Der Eintritt ist mit 24
Damit das Ganze nicht zu statisch ist, fahren
in fast allen Modellstädten diverse Bahnen und Schiffe umher, die, obwohl
vollständig aus Lego gebaut, verblüffend echt aussehen. Besonders
an Berlin konnten wir uns kaum satt sehen. Es sind praktisch alle wichtigen
Gebäude zwischen Nikolaiviertel und Siegessäule nachgebildet. Und
dazwischen wuseln gelbe Straßenbahnen umher.

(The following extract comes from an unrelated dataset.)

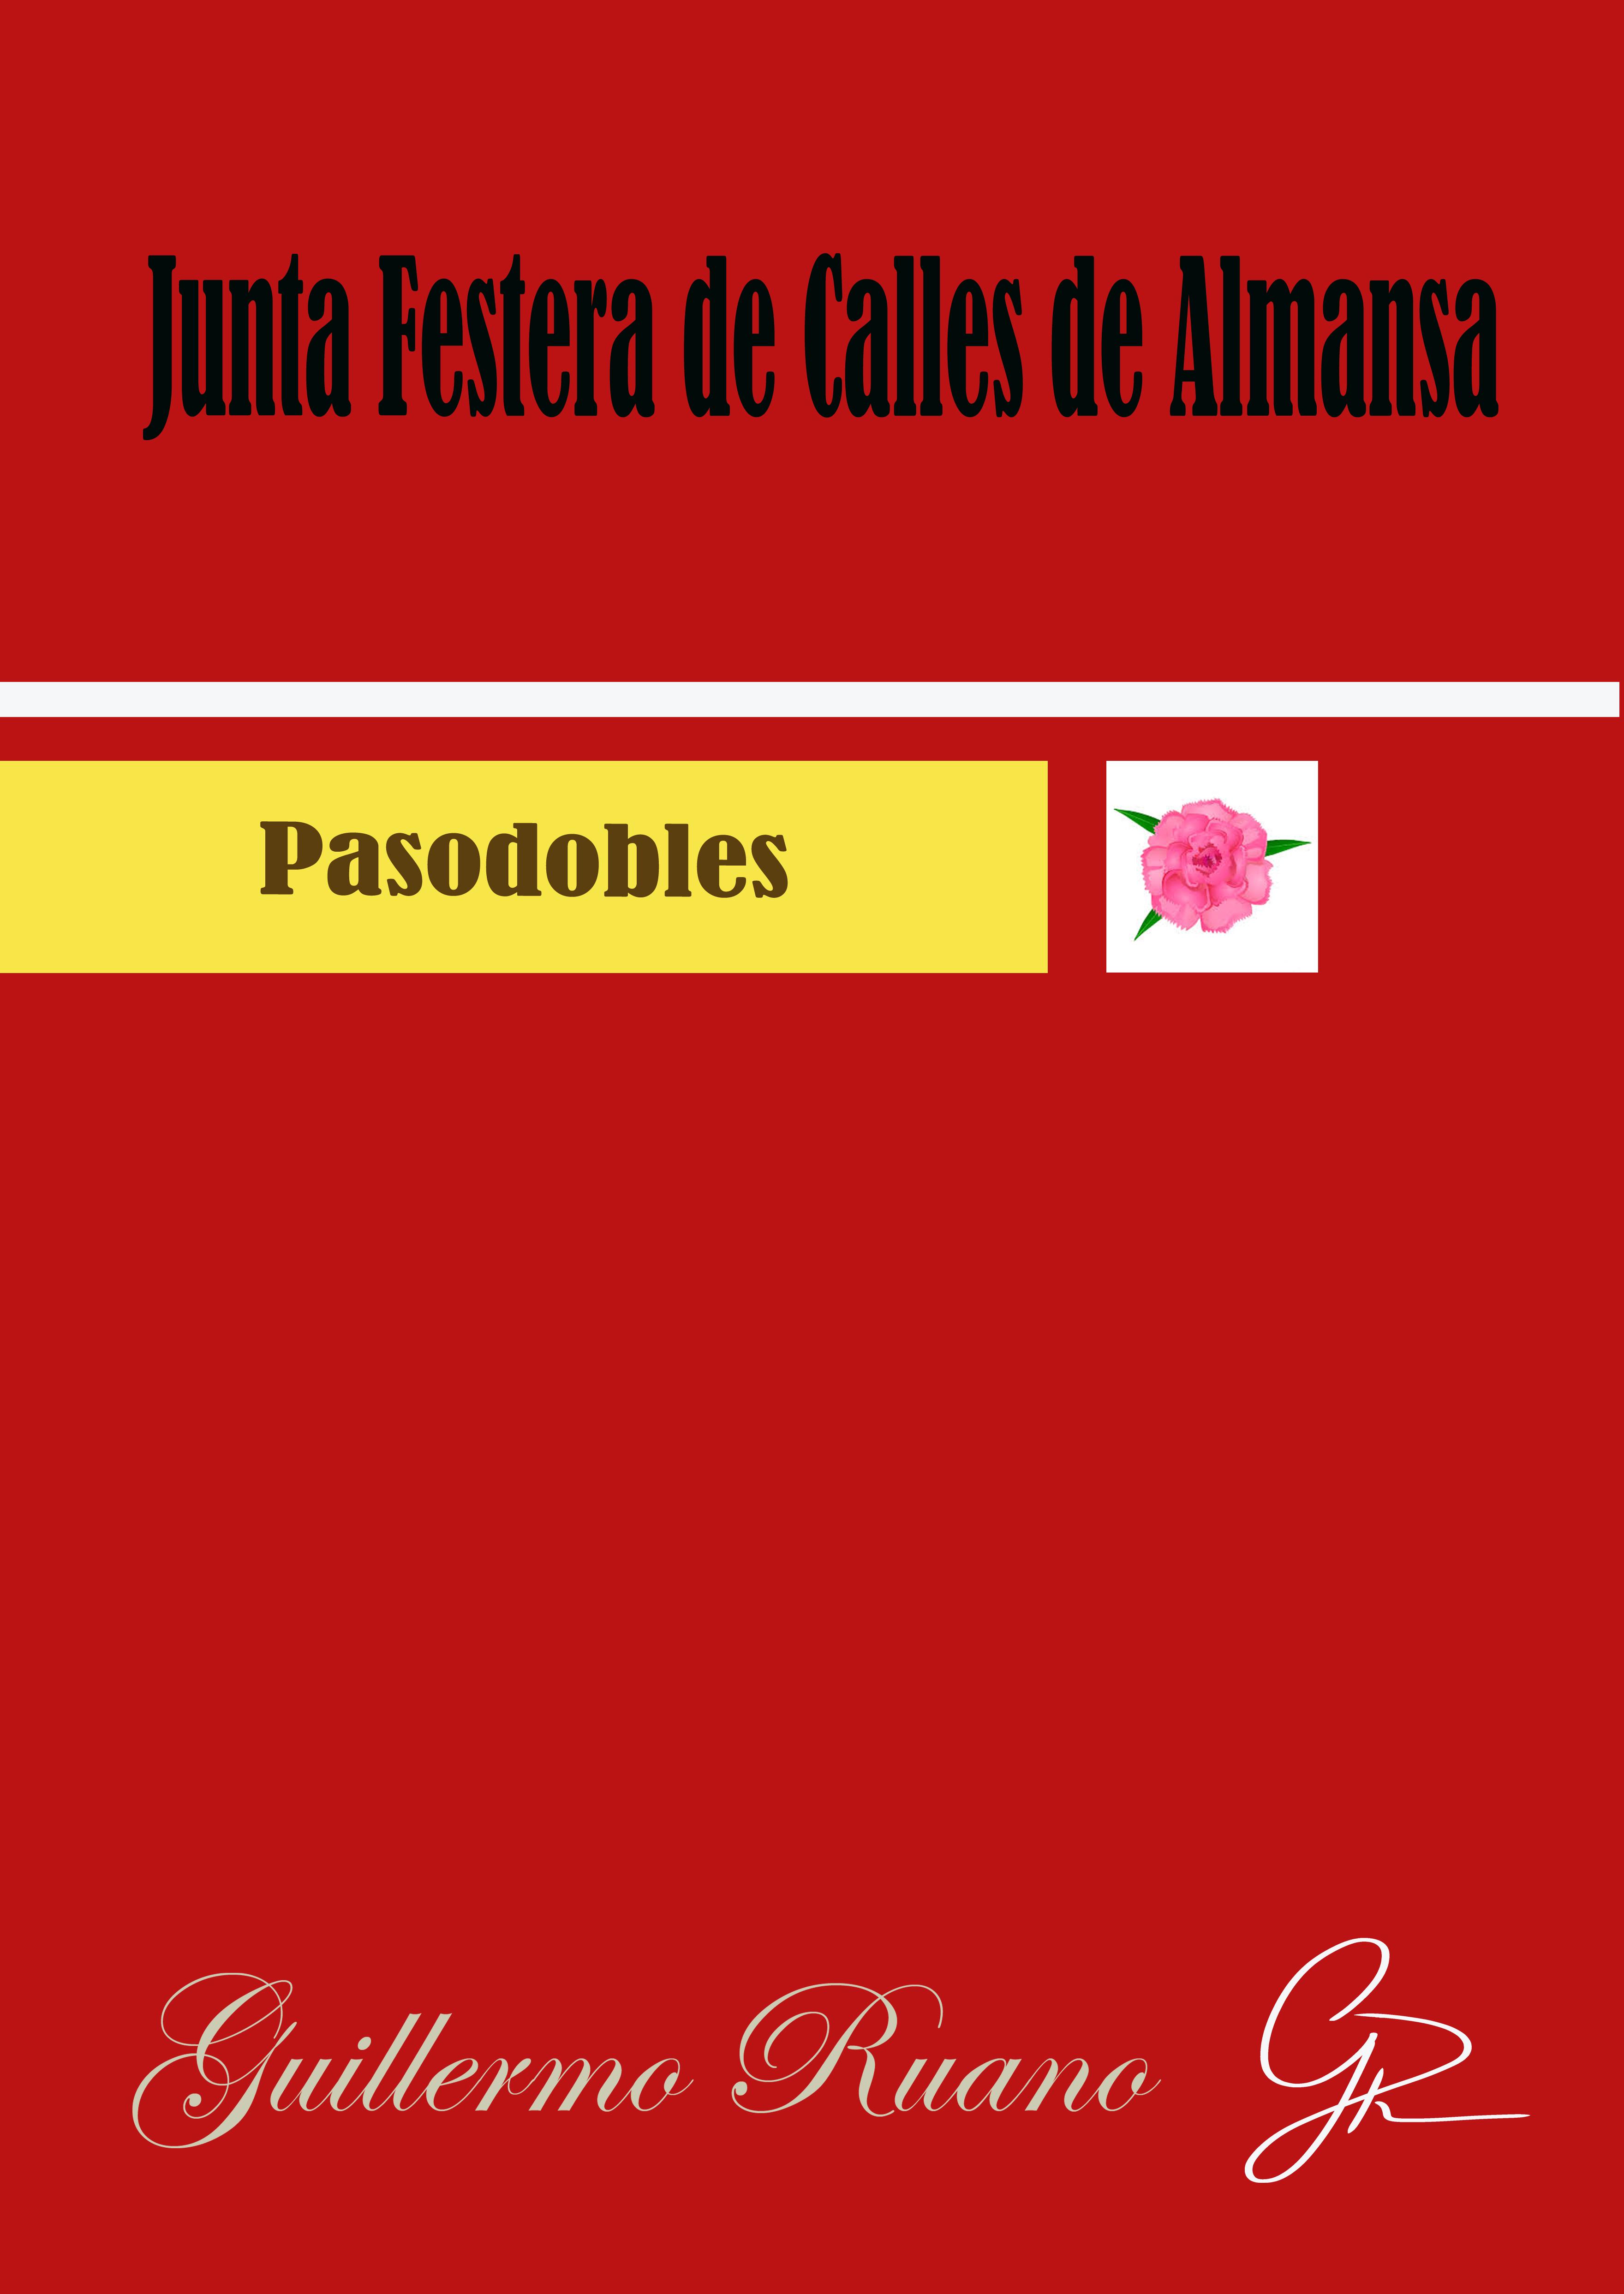 Junta Festera de Calles de Almansa
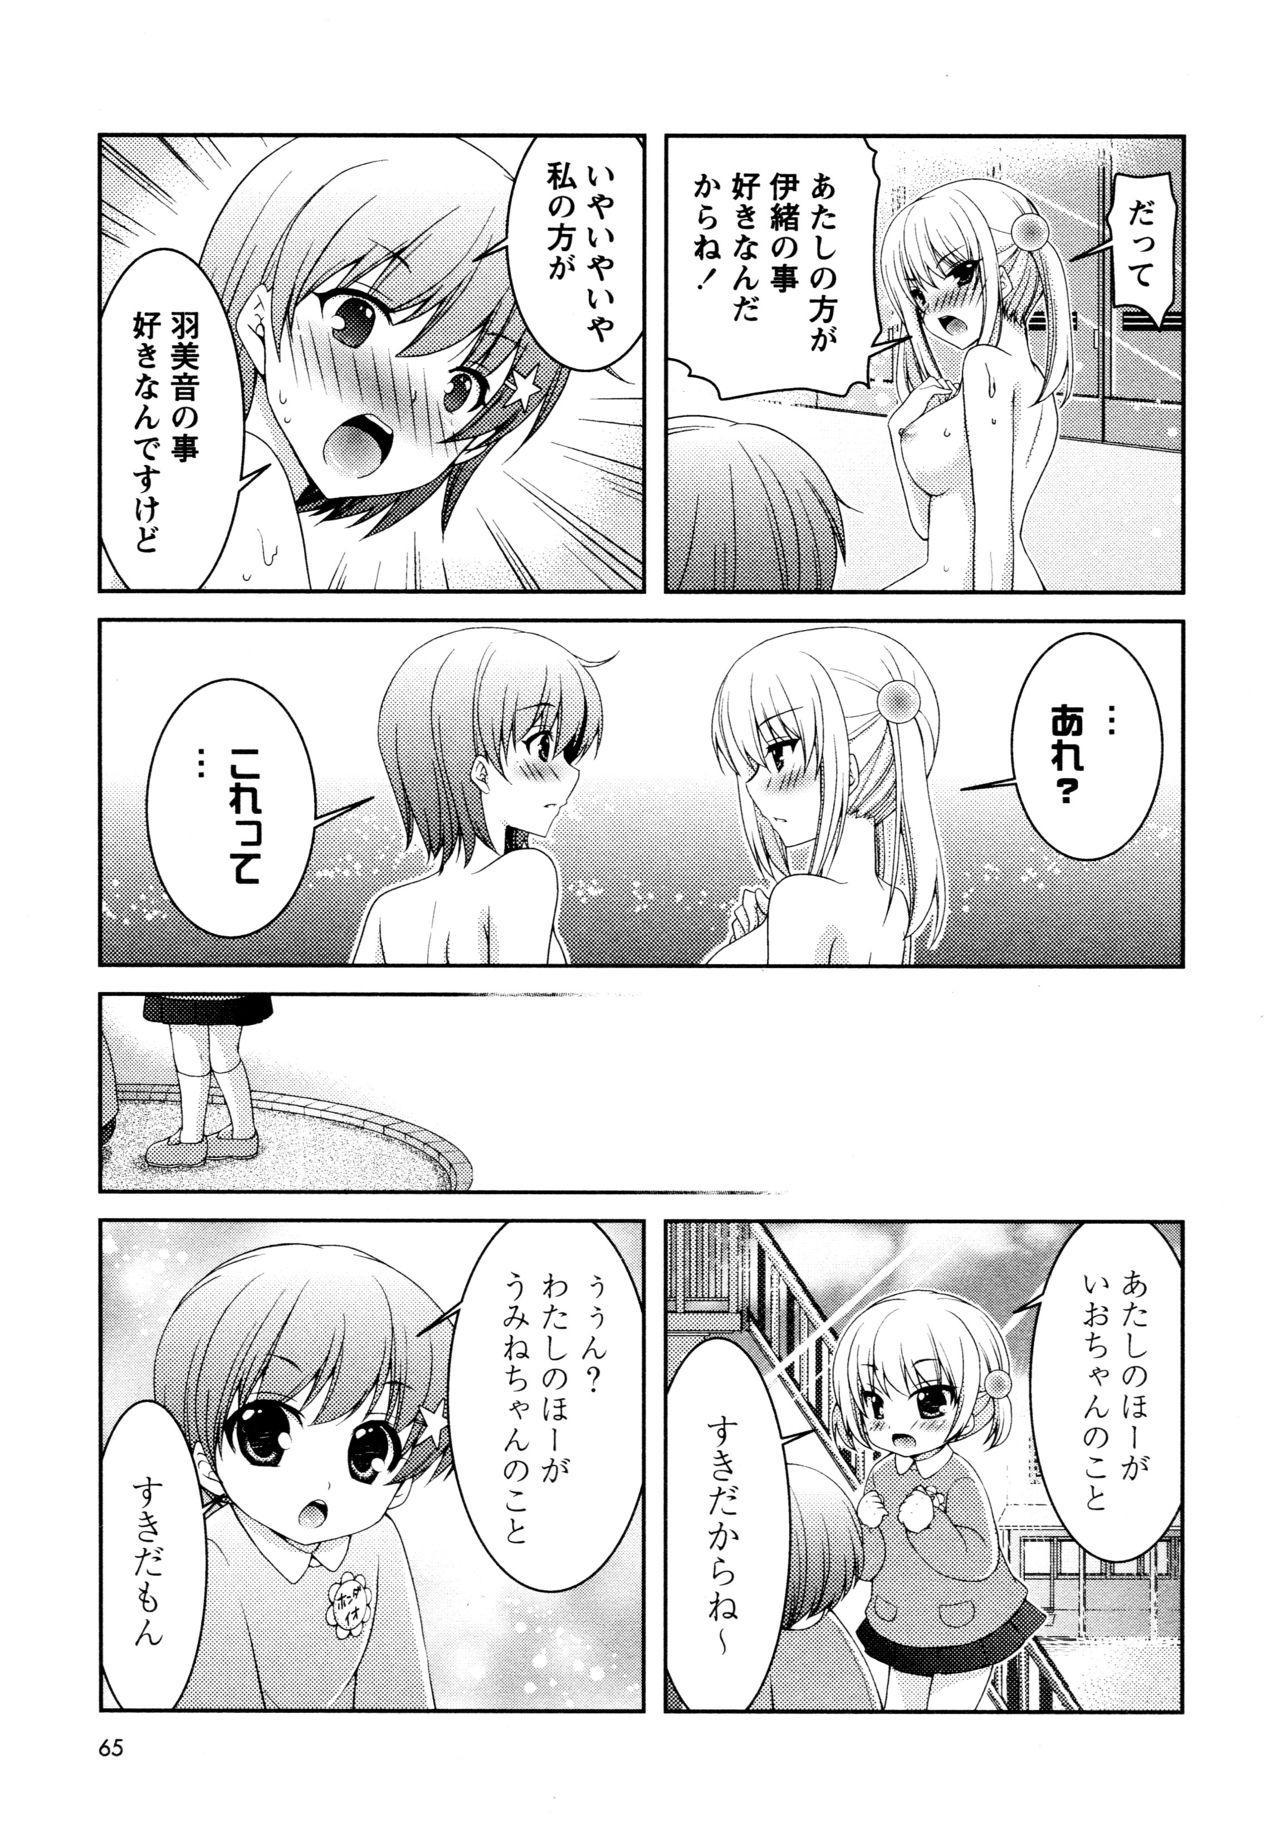 [Anthology] L Girls -Love Girls- 05 66

Gleich am Tag nach unserer Legoland-Expedition gab es zur Eröffnung des Verkehrszentrums auf der Theresienhöhe eine Oldtimer-Parade durch München. Obwohl da naturgemäß weniger Bahn dabei ist, fanden sich einige FES-ler an der Reichenbachbrücke ein, um den Fahrzeugkorso zu bewundern. Zur allgemeinen Überraschung tauchte kurz vor Beginn des Konvois eine Vorkriegs-Trambahn auf und blieb fast während der ganzen Parade an der Stadteinwärts-Haltestelle der 27er stehen. Das gab freilich einen guten Hintergrund für die alten Autos ab. Zunächst kamen neue Autos, z.B. die neuesten Vorführ-Modelle von Audi, dann folgten immer ältere Autos bis am Schluss ein paar Pferdekutschen vorbei klapperten. Die verschiedenen Epochen wurden durch Musik-Wagen die die Musik der dazugehörigen Zeit spielten, eingeleitet. Als die Autos der 30er-Jahre kamen, fuhr die alte Trambahn los und reihte sich nahtlos in den Konvoi ein. Freilich ging das nur auf der Fraunhoferstraße, weil das der einzige Abschnitt war, wo der Konvoi das Trambahnnetz berührte. Das Verkehrszentrum ist die Außenabteilung Landverkehr des Deutschen Museums. Am Nachmittag wollten wir noch gemeinsam die neuen Ausstellungen in den alten Messehallen besuchen, irgendwie hat das dann aber mit dem vereinbarten Treffpunkt nicht geklappt. Die Exponate sind nach einem neuen Konzept nicht nach Verkehrsmitteln getrennt, sondern man versucht Verkehr als ganzheitliche Funktion darzustellen. Nachdem aber BMW der Hauptsponsor ist, gibt es freilich keine Auseinandersetzung mit den eher kritischen Themen. Auf der Theresienwiese war dann auch noch einige Action aufgebaut. Zum Beispiel ein Fahrsimulator der Polizei, mit dem schwierige Verkehrssituationen gemeistert werden konnten, was aber kaum einer schaffte und es deshalb immer wieder zum virtuellen Crash kam. Dann führte die Feuerwehr ihre üblichen Spielchen vor, beispielsweise was passiert, wenn einer versucht mit Wasser brennendes Fett zu löschen... Die dadurch entstehende Fett-Explosion macht immer wieder schweren Eindruck bei den Zuschauern. Das Technische Hilfswerk hatte eine Sammlung von Wasserpumpen aufgebaut und ließ die Fontänen im Takt der Popmusik spritzen. Gut gemachtes Wasser-Ballett. Für die Bewirtung hat man einfach eines der beiden Frühlingsfest-Bierzelte stehen gelassen.
Anlässlich des 10-jährigen
FES-Jubiläums fand vom 6. bis zum 9. Juni das diesjährige
Funtreffen in Stuttgart statt. Was da alles passiert ist, könnt
Ihr im nächsten Beitrag lesen.
Der Zug war bereits bei der Abfahrt am Hauptbahnhof gut gefüllt, ab Pasing platzte er aus allen Nähten. Als in Germering und Gilching nochmal ganze Hundertschaften den Zug stürmen wollten, kamen Erinnerungen an die ersten Züge, die nach der DDR-Grenzöffnung Richtung Westen fuhren, auf: Draußen stehen Leute und winken, anscheinend sind wir schon im Westen... Am Westkreuz begegnete uns plötzlich ein anderer Zug, der neben einigen Schnellzug- samt Speisewagen mit einem Krokodil und einer 01 bespannt war. Dieser Zug vom Bayerischen Eisenbahn Museum pendelte zwischen Hbf und Weßling. Allerdings war er in dem massenhaft unters Volk geworfenen Prospekt nicht erwähnt und entsprechend schlecht besetzt. Erst am Schluss der Veranstaltung ist uns in Pasing ein kleiner Zettel aufgefallen, auf dem beide Züge enthalten waren: der immer überfüllte BLV-Zug Pasing Herrsching im 4-Stunden-Takt und der immer ziemlich leere BEM-Zug Hbf Weßling im 2-Stunden-Takt. Da ist wohl irgendwem ein kleiner Planungsfehler unterlaufen... Trotz der Terminkollision konnte der bereits längerfristig für den gleichen Tag geplante Stadtspaziergang an der Isar stattfinden. Die obligatorische Biergarten-Einkehr war am Flaucher.